Iran, Turkey, Russia, North and South Korea are bases for cyber-attacks of national interest, supports Microsoft.
While more than half of the cyber-attacks detected by Redmond came from Russia, more information from the US company's annual digital defense report on lesser-known cyber-attacks of national interest is of greater interest to the wider world.
"After Russia, the largest volume of attacks we have seen has come from North Korea, Iran and China. "South Korea, Turkey (a newcomer to our report) and Vietnam were also active countries, but they represent a much smaller volume," Microsoft said in a statement announcing its findings.

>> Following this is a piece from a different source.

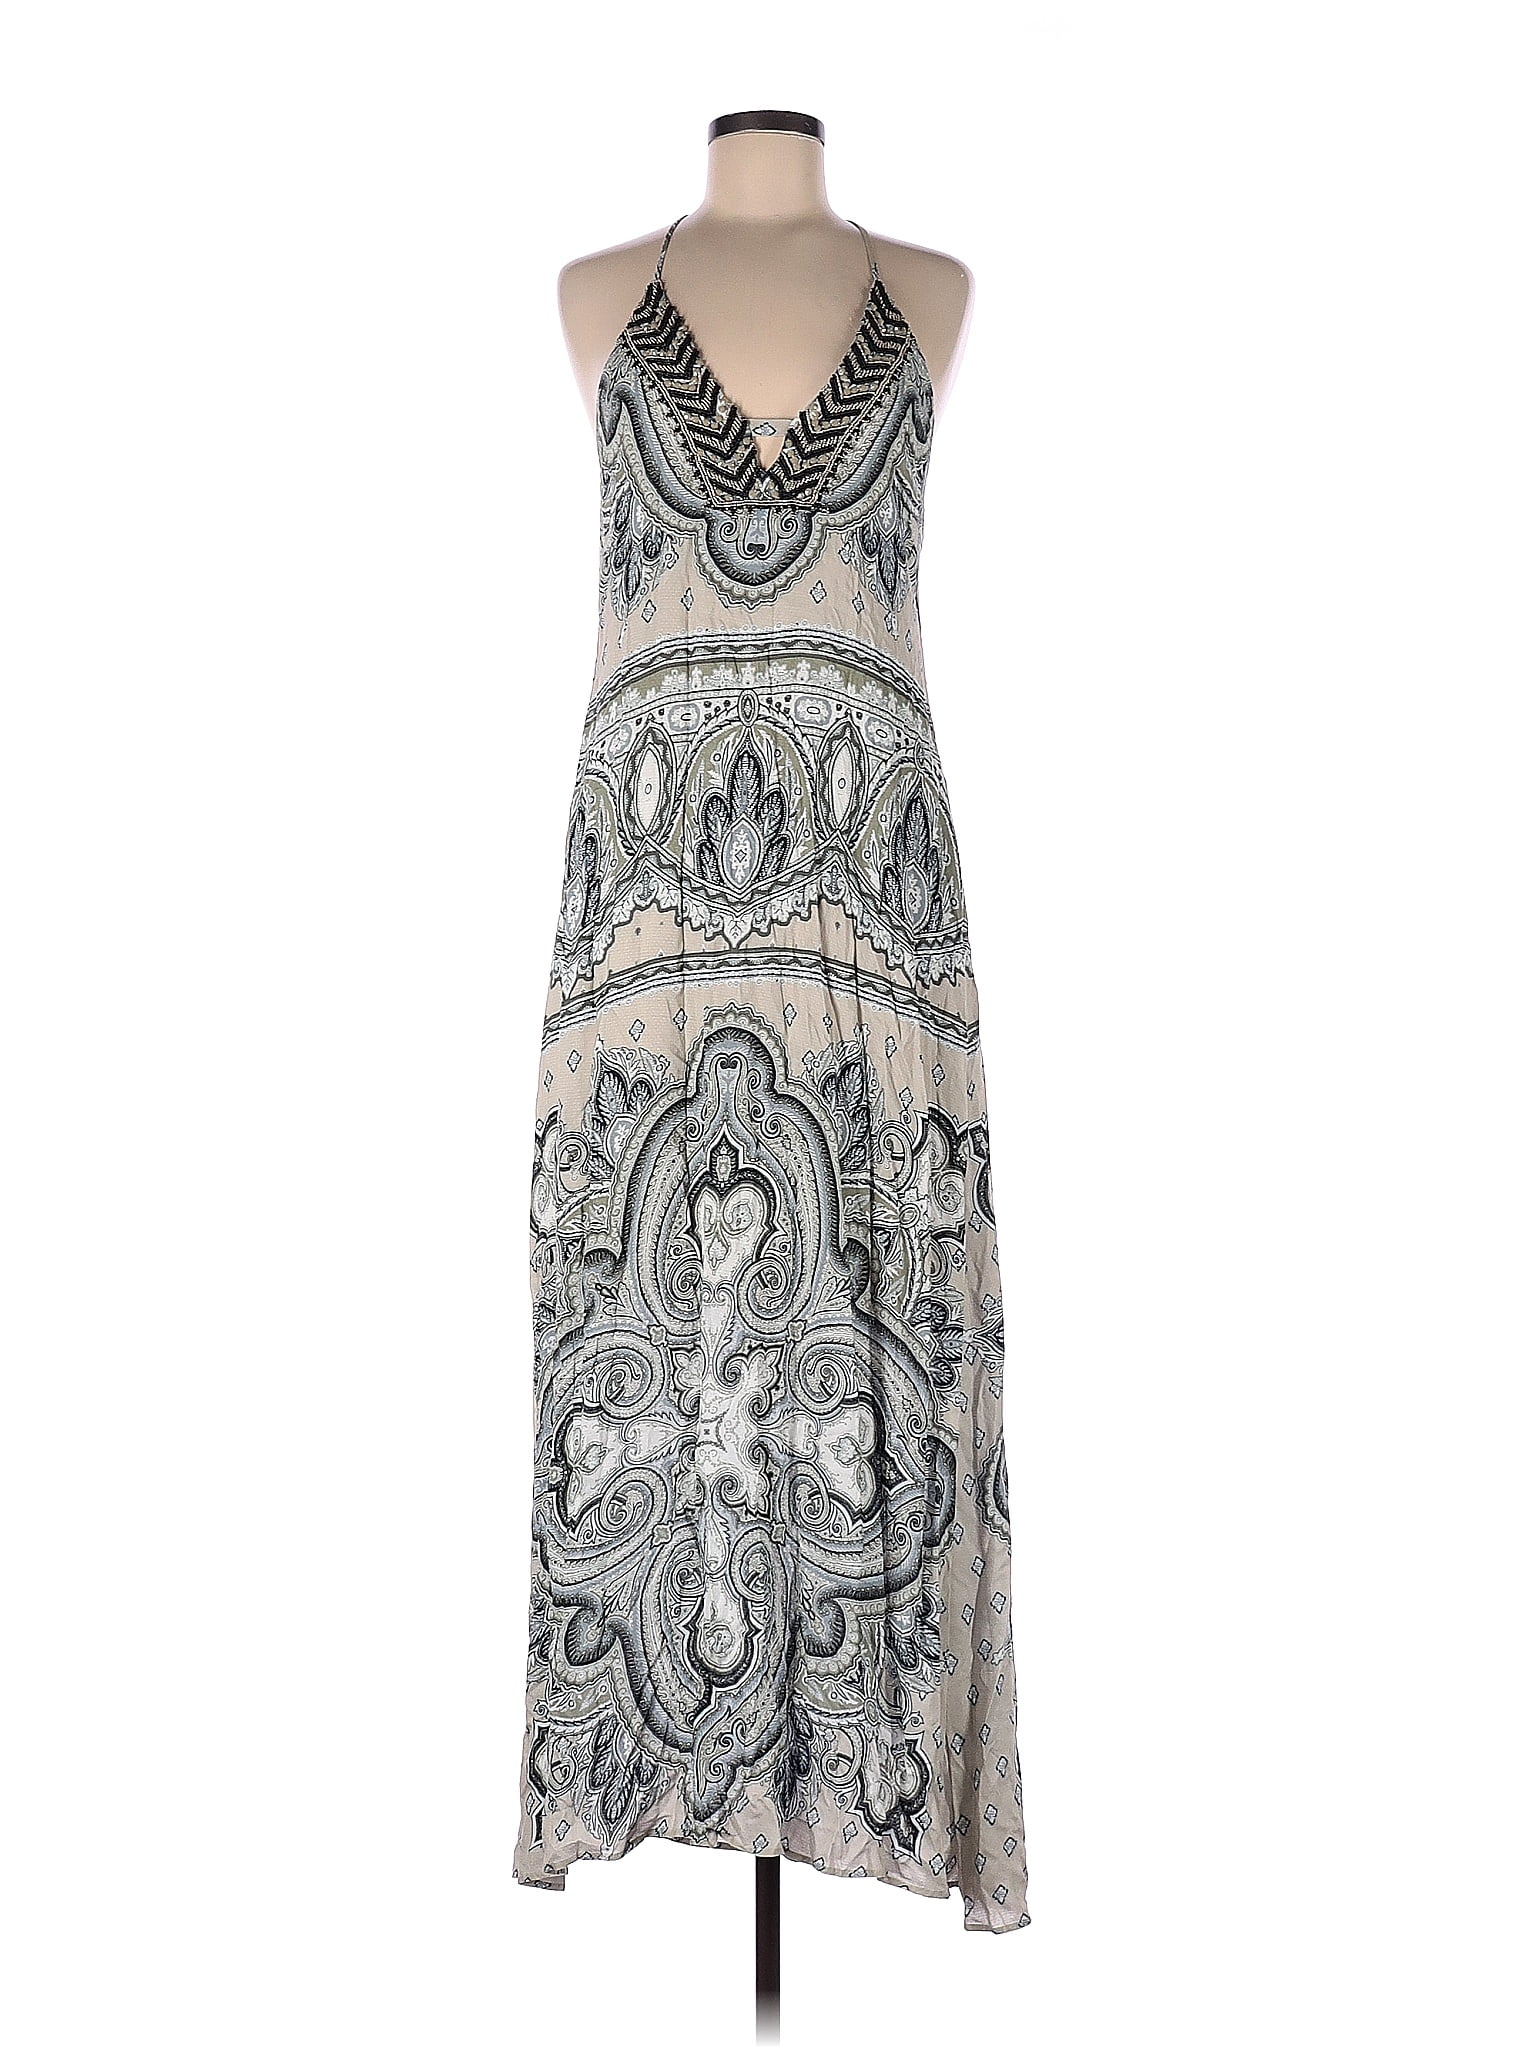 Hale Bob Multi Color Gray Casual Dress Size M - 58% off | thredUP

The usual suspects in Russia, China and North Korea are mentioned in the report, while Vietnam's APT32 was labeled by Microsoft for targeting "human rights and civil society organizations".
"In the last year, espionage, and more specifically intelligence gathering, has been a much more common target than traditional catastrophic attacks," Microsoft said in a report.
The latest addition to the ranks of state-backed threats was Turkey, which stood out for its intrusion into telecommunications in the Middle East and the Balkans.
The UNC1326 team (also known as SeaTurtle) was investigated in depth by Cisco Talos in 2019, which noted that SeaTurtle targets "national security organizations in the Middle East and North Africa" and want to gain "persistent access to sensitive networks". and systems ”
Microsoft he says that SeaTurtle "focused more on countries of strategic interest to Turkey, including Armenia, Cyprus, Greece, Iraq and Syria", scanning its target networks for remote code vulnerabilities.
In addition to state-backed hackers, the Microsoft report states that ransomware criminals target retail, financial services, government agencies, and health care, with the United States being their number one target country.
The next unfortunate target countries of ransomware were China, Japan, Germany and the United Arab Emirates.